The first request to a freshly started Docker container triggers torch.compile + CUDA Graph capture inside vLLM-Omni — this takes ~60 to ~150 seconds depending on the request and machine state. The proxy timeout is set to 600 seconds to absorb the worst case; clients should display “warming up” rather than treating long latency as a hang.

After warmup, steady-state latency on RTX 4060 Laptop is typically RTF 0.7–1.1 (a few hundred milliseconds for a short utterance).

Concurrency

aistack does apply the single global GPU slot to TTS requests: the Qwen3-TTS container shares the physical GPU with in-process ASR and the LLM proxy, and the slot represents “GPU is doing inference” regardless of which process owns the kernels. Concurrent requests across capabilities get HTTP 503 with Retry-After.

vLLM-Omni handles its own request queueing inside the Docker container. aistack does not implement a queue at the gateway layer — if you want a queue, build it client-side around the busy signal.

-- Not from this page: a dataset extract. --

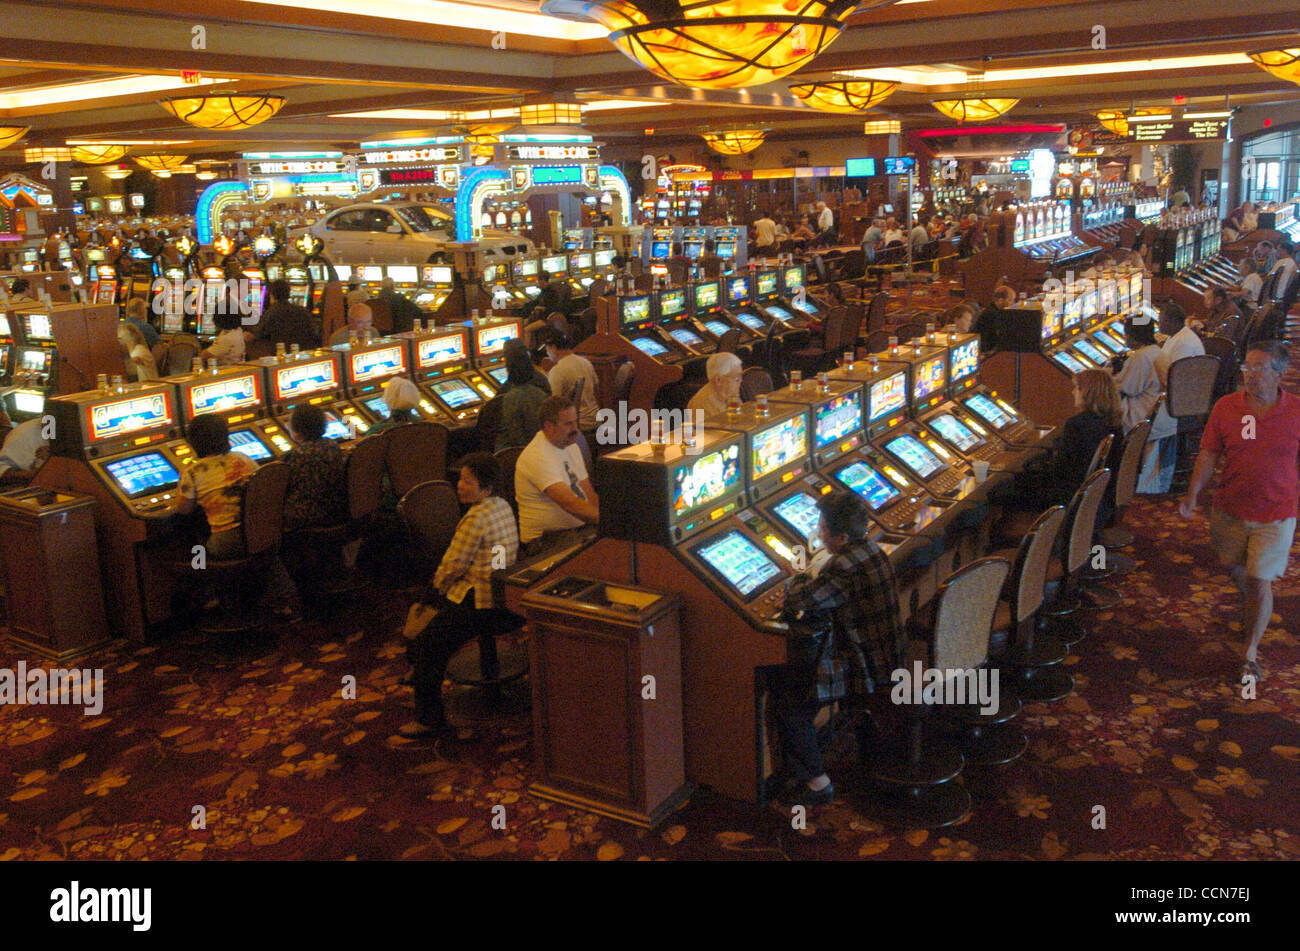 Photo of Cache Creek Casino Resort, Brooks, CA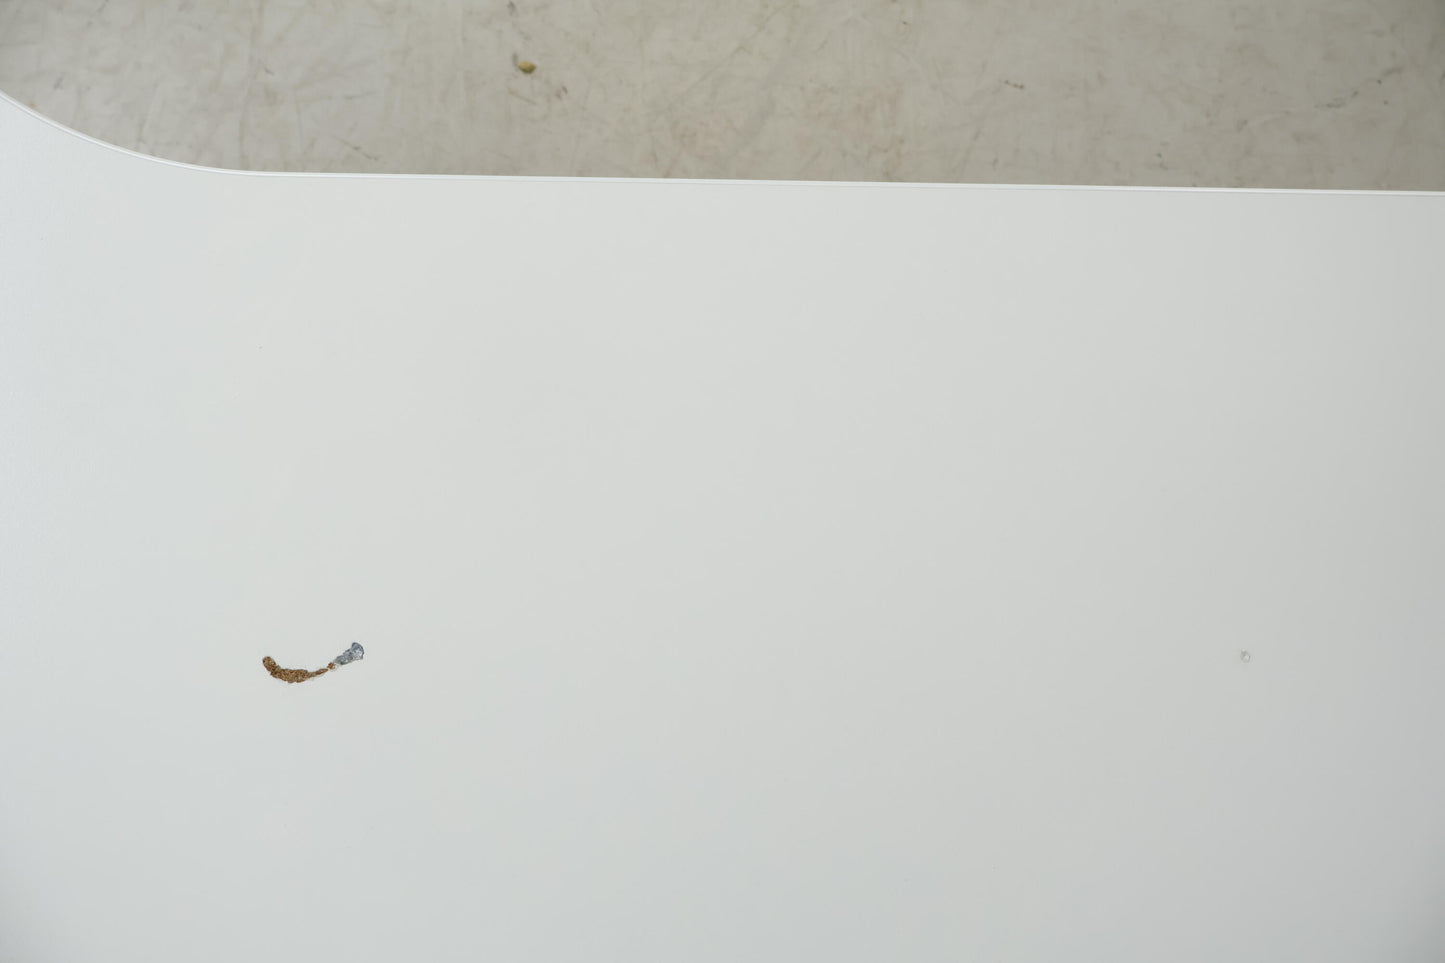 Nyrenset | Hvitt Ikea Bekant hjørneskrivebord

Recovery from container down

The most common failure mode is “Docker container is not running”:

HTTP/1.1 503 Service Unavailable
Content-Type: application/json

{
  "error": {
    "kind": "network",
    "provider": "aistack",
    "message": "Qwen3-TTS container is not reachable. Start it with: docker compose -f docker/tts_qwen3/docker-compose.yml up -d"
  }
}

The error message includes the recovery command. Containers that crash mid-cold-start can wedge in a state where requests time out at the proxy’s 600 s read timeout — restart the container in that case.

Stability

The OpenAI-compatible field layer (input, voice, response_format, model) is stable within /v1. The Qwen3-TTS extension fields (task_type, language, ref_audio, …) are the upstream’s contract and are documented authoritatively in the vLLM-Omni Qwen3-TTS repo.

The pass-through endpoint paths (/v1/audio/speech/stream, /voices, …) follow vLLM-Omni’s contract; if a future TTS backend exposes a different surface, aistack will document the mapping in a separate migration note rather than silently rewrite the contract.